Checking the space used by your files
It is sufficient to ssh to the host that you want to check and execute the following:
# Ensure that I am in my home directory, usually /home/your-username # if not, please do cd /home/your-username elukey@stat1007:~$ pwd /home/elukey elukey@stat1007:~$ du -hs 369M .
For a detailed view:
# Ensure that I am in my home directory, usually /home/your-username # if not, please do cd /home/your-username elukey@stat1007:~$ pwd /home/elukey elukey@stat1007:~$ du -hs * | sort -h [..] 164K dump.out 648K eventlogging_cleaner.log 7.5M refinery 21M python_env 49M webrequest.stats.json 245M spark2-2.3.1-bin-hadoop2.6
It is easy to have a quick view of how much data we are storing, and delete files that are not needed.

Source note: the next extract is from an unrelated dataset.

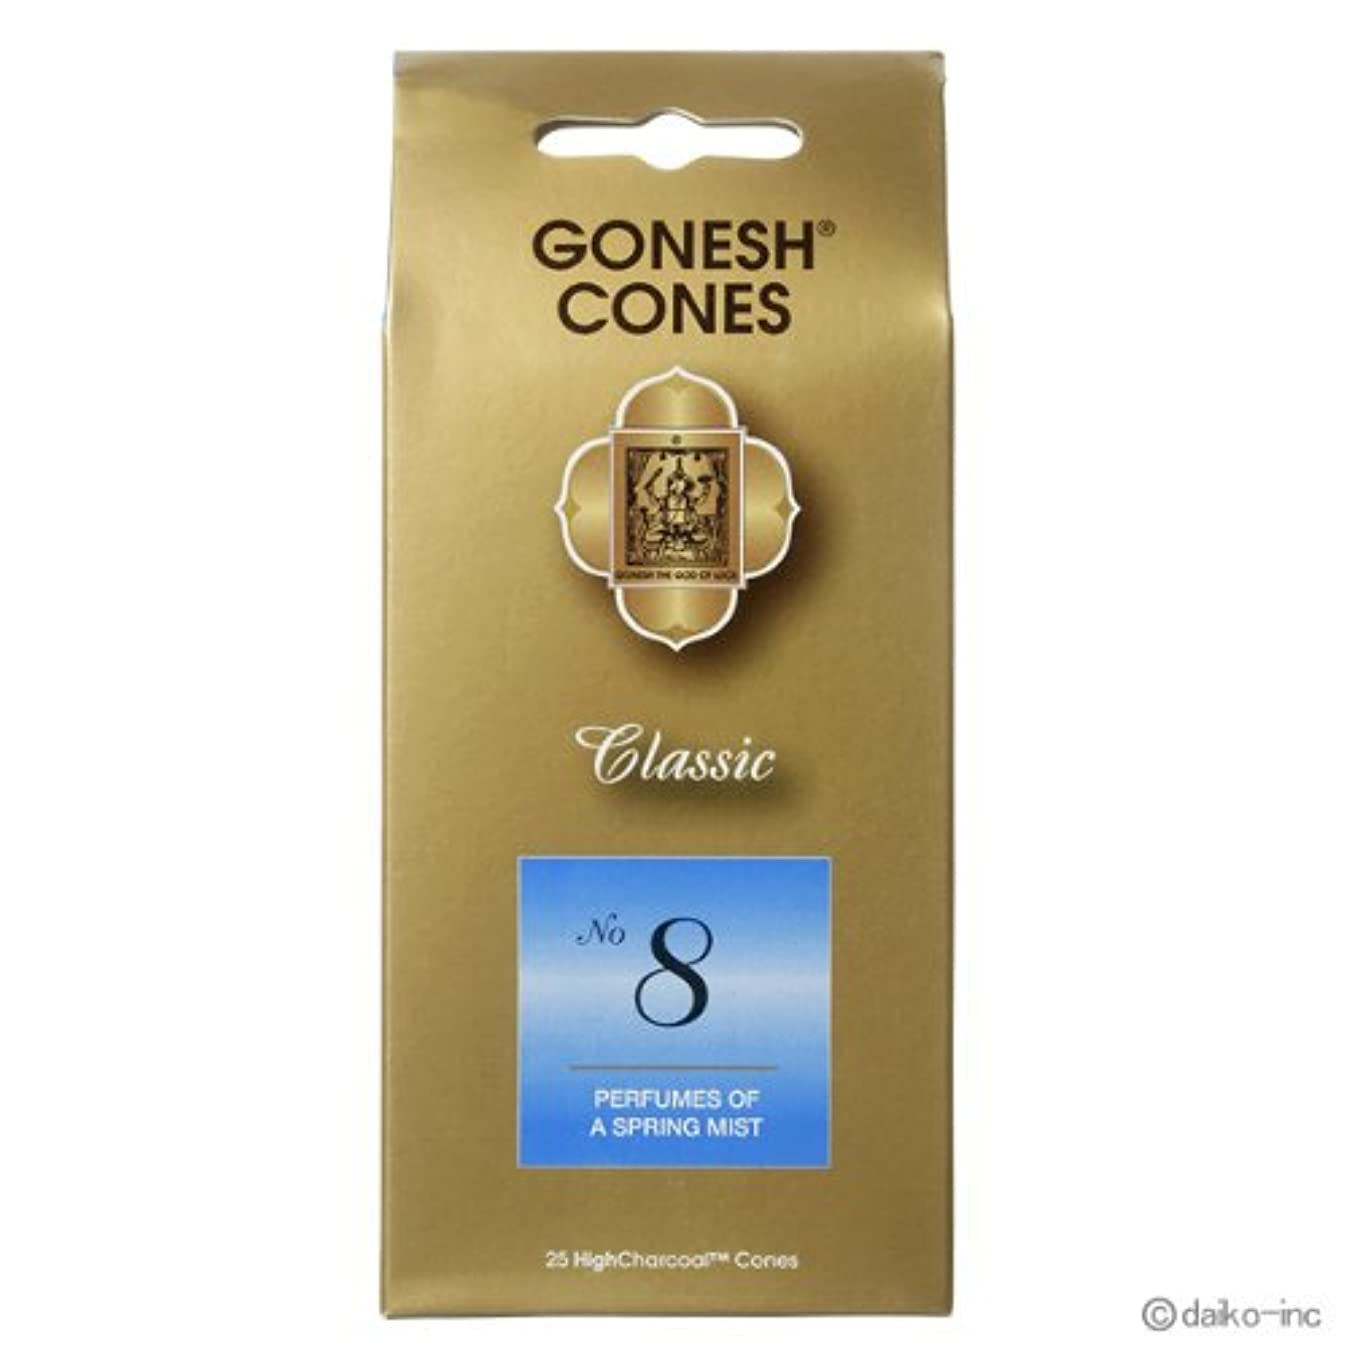 バラ色ライセンス強化するガーネッシュ GONESH クラシック No.8 お香コーン25ヶ入 6個セット

Alternatively, you can use the the tool ncdu, which provides a curses interface and lets you navigate around the directory tree and delete files as you encounter them.

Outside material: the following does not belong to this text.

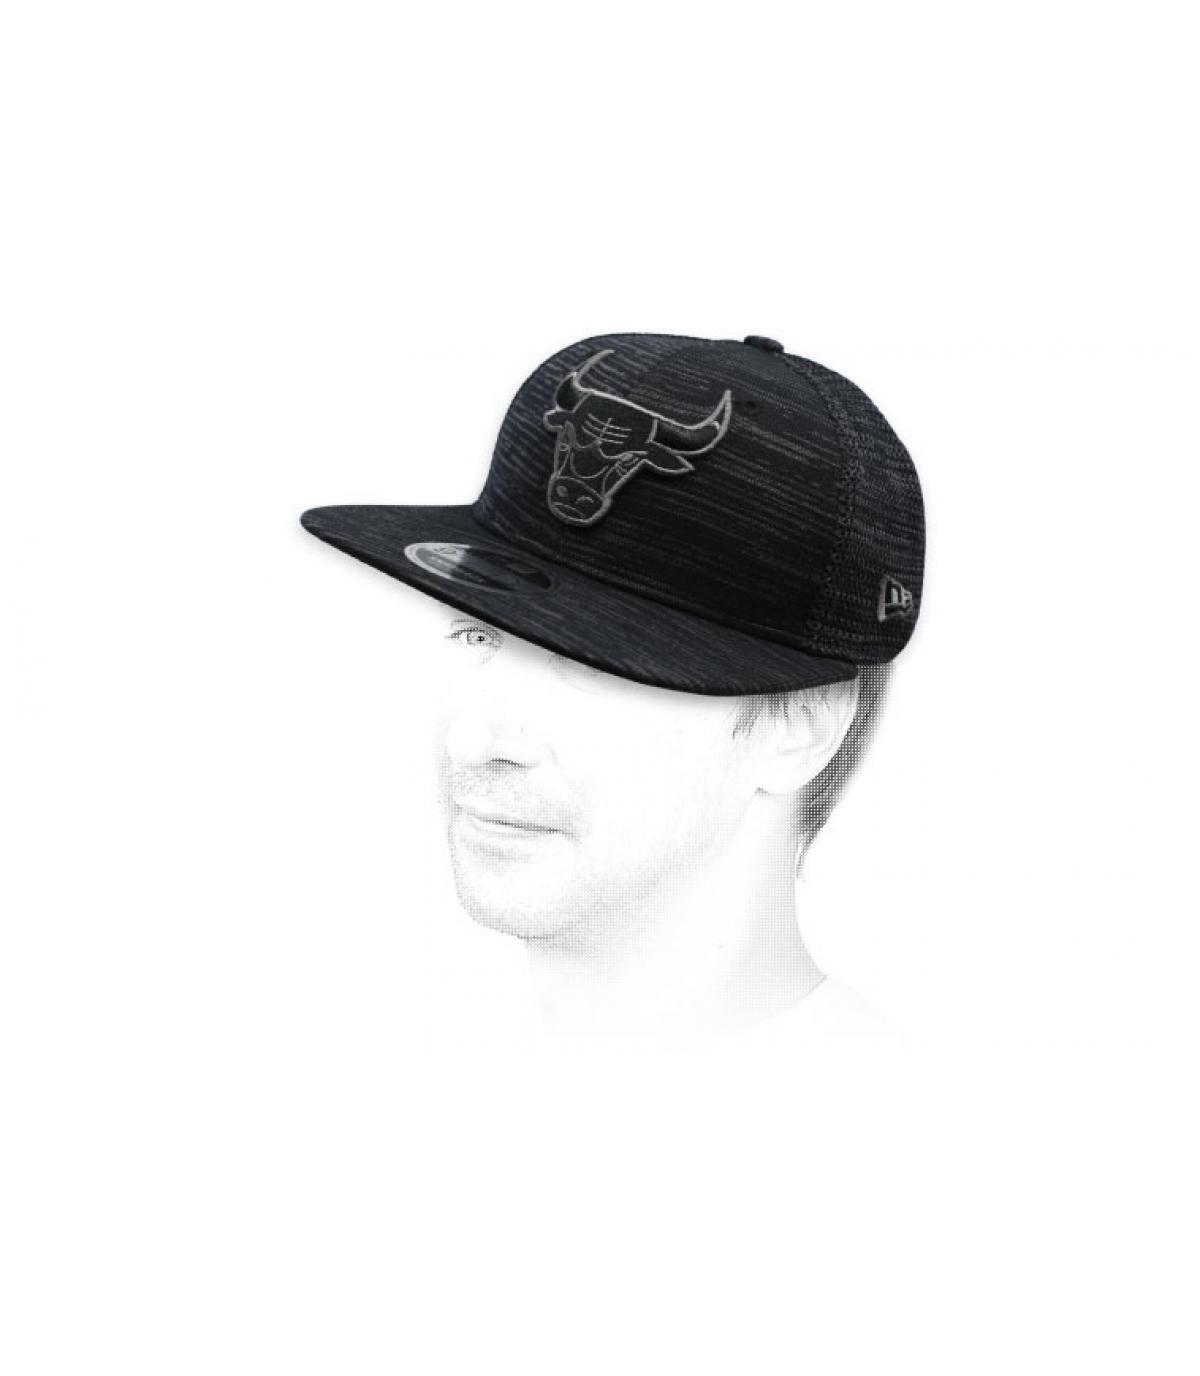 black Bulls snapback Engineered

If you wish to publish a dataset or report from one of the analytics clients, you can place it in the
/srv/published/ directory, which will make it available on the web in the equivalent place under analytics.wikimedia.org/published/. You can find more information on Analytics/Web publication.

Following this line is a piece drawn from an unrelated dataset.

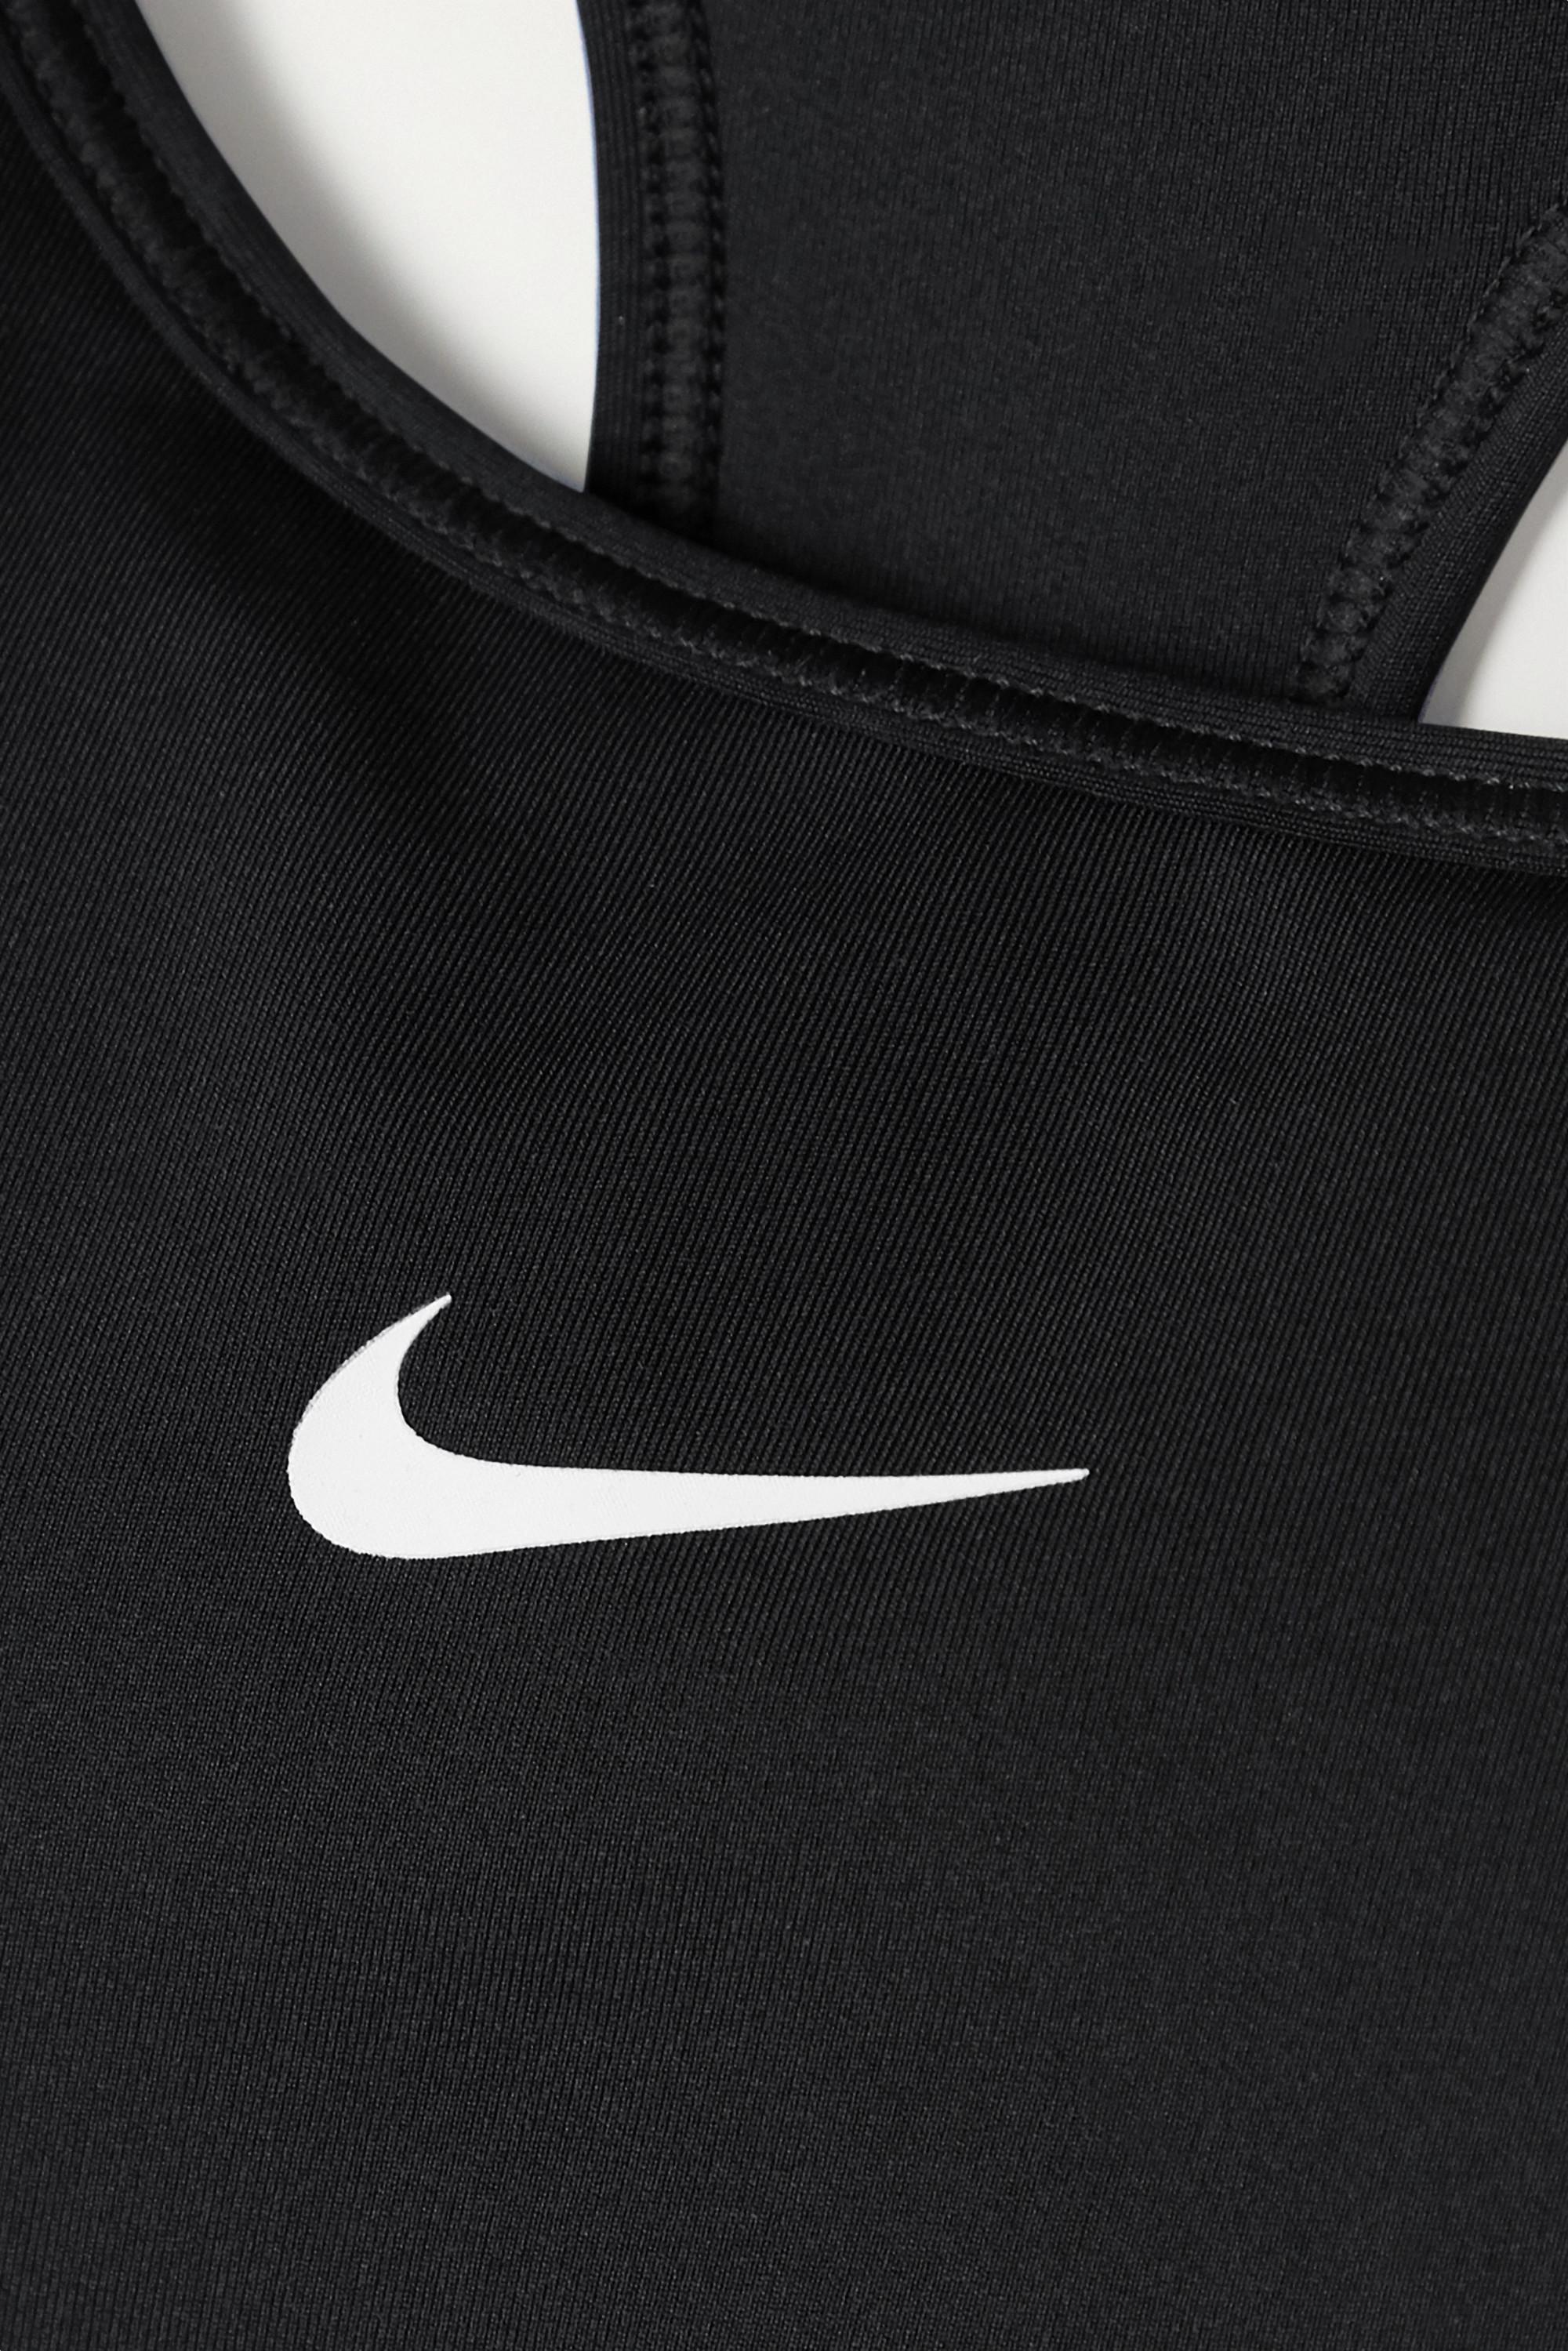 Black + Net Sustain Swoosh Dri-fit Sports Bra | Nike

On stat1005 we have deployed an AMD GPU for T148843. The long term plan is to make it available for all the users logging in, but for the moment its access is restricted to the POSIX group
gpu-testers to better test it (and avoid usage contention etc..). Please reach out to the Analytics team if you wish to get added to the group to test the GPU for your use case.
Rsync between clients
On every stat/notebook host there is a rsync server that allows users to copy data from one host to the other one. A typical use case would be to move a home directory. For example, let's see how user
batman can copy his data from notebook1004 to stat1005:
batman@stat1005:~$ rsync --exclude venv/ --exclude R/ --exclude ".*/" -av notebook1004.eqiad.wmnet::home/batman/ ~/
Please note that there is a limitation - the rsync daemon runs as user
nobody, so in order to copy data the home directory files must have permissions set accordingly, otherwise you'll see permission errors while copying. If you are seeing this problem and you are unsure about how to set permissions, please contact the Analytics team via IRC on Libera.chat (#wikimedia-analytics connect) or open a Phabricator task with the tag "Analytics".